On 05/01/15 22:14, Zach the Mystic via Digitalmars-d wrote:
I get a compiler error. The only way to stop it is to add unnecessary visual
noise to the first function. All of these attributes should be something that
you *want* to add, not something that you *need*. The compiler can obviously
figure out if the function throws or not. Just keep an additional internal flag
for each of the attributes. When any attribute is violated, flip the bit and
boom, you have your implicit function signature.

Bear in mind one quite important factor -- all that alleged noise isn't simply about getting stuff to work, it's about promises that the function makes to downstream users. You do touch on this yourself, but I think you have missed how your @api flag could go wrong.

I suggest a new attribute, @api, which does nothing more than to tell the
compiler to generate the function signature and mangle the name only with its
explicit attributes, and not with its inferred ones. Inside the program, there's
no reason the compiler can't continue to use inference, but with @api, the
exposed interface will be stabilized, should the programmer want that. Simple.

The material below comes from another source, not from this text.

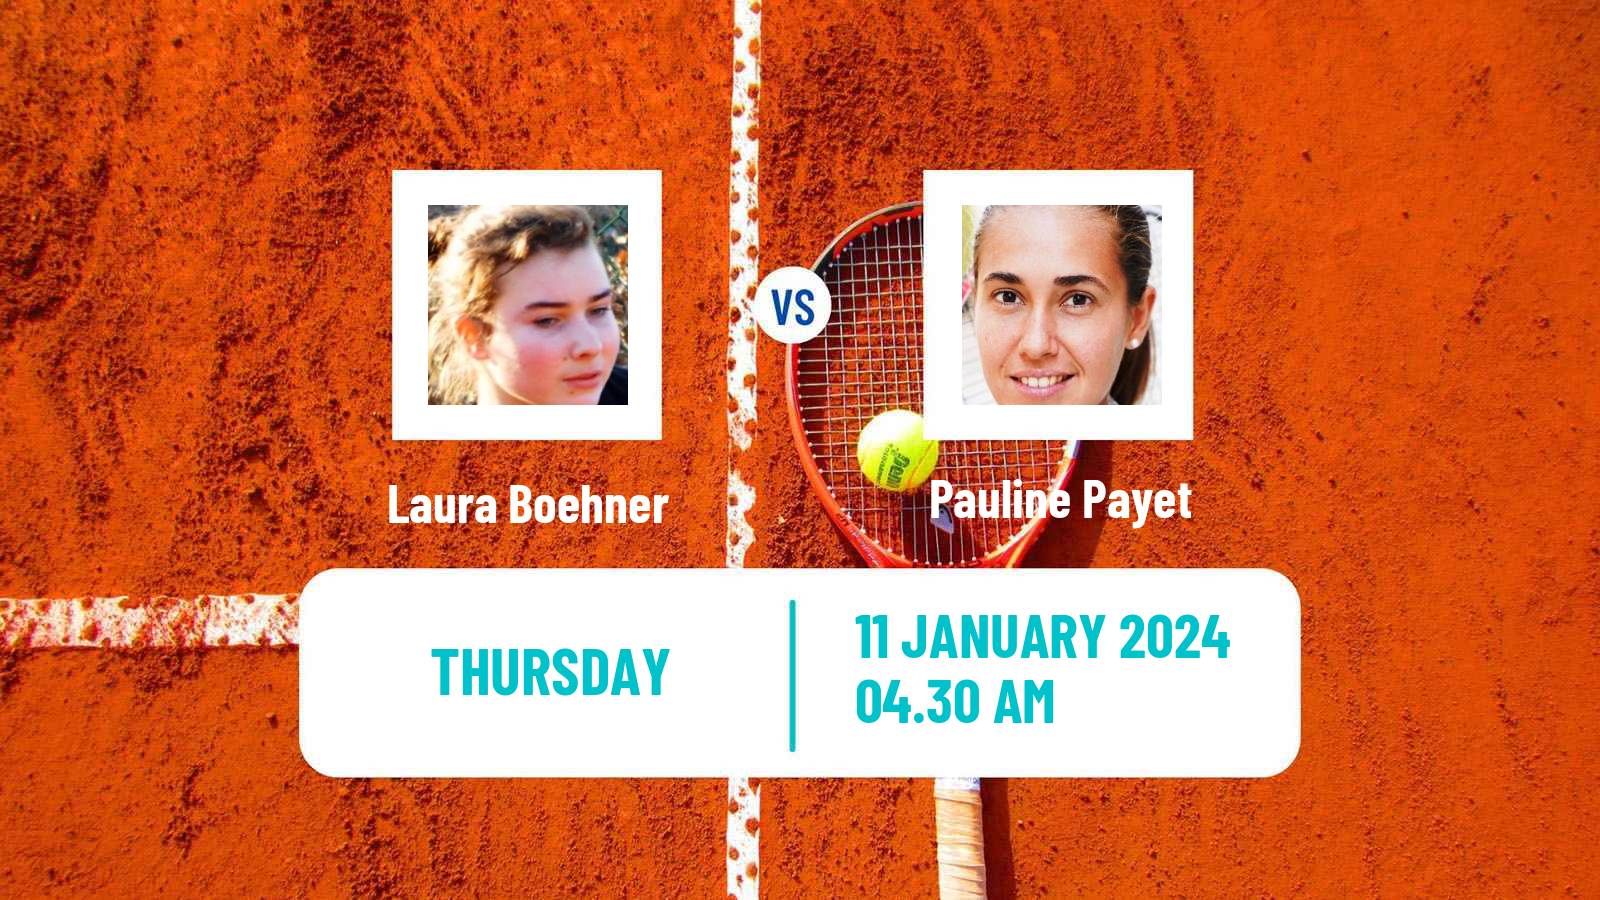 Tennis ITF W15 Fort De France Women Laura Boehner - Pauline Payet

IMHO if anything like this is to be implemented, the extra flag should be to indicate that a function is _not_ intended to be part of the API and that therefore it is OK to infer its attributes.

Here's the rationale. Suppose that I have a bunch of functions that are all intended to be part of the public API of my project. I accidentally forget to tag one of them with the @api attribute, so its attributes will be auto-inferred, but the function is still public, so downstream users will wind up using it.

3 months later, I realize my mistake, and add the @api attribute -- at which point downstream users' code will break if their code was relying on the unintended inferred attributes.

If on the other hand you take the assumption that attributes should by default _not_ be auto-inferred, and you accidentally forget to tag a function to auto-infer its attributes, that can be fixed without breaking downstream.

It's quite analogous in this respect to the argument about final vs. virtual by default for class methods.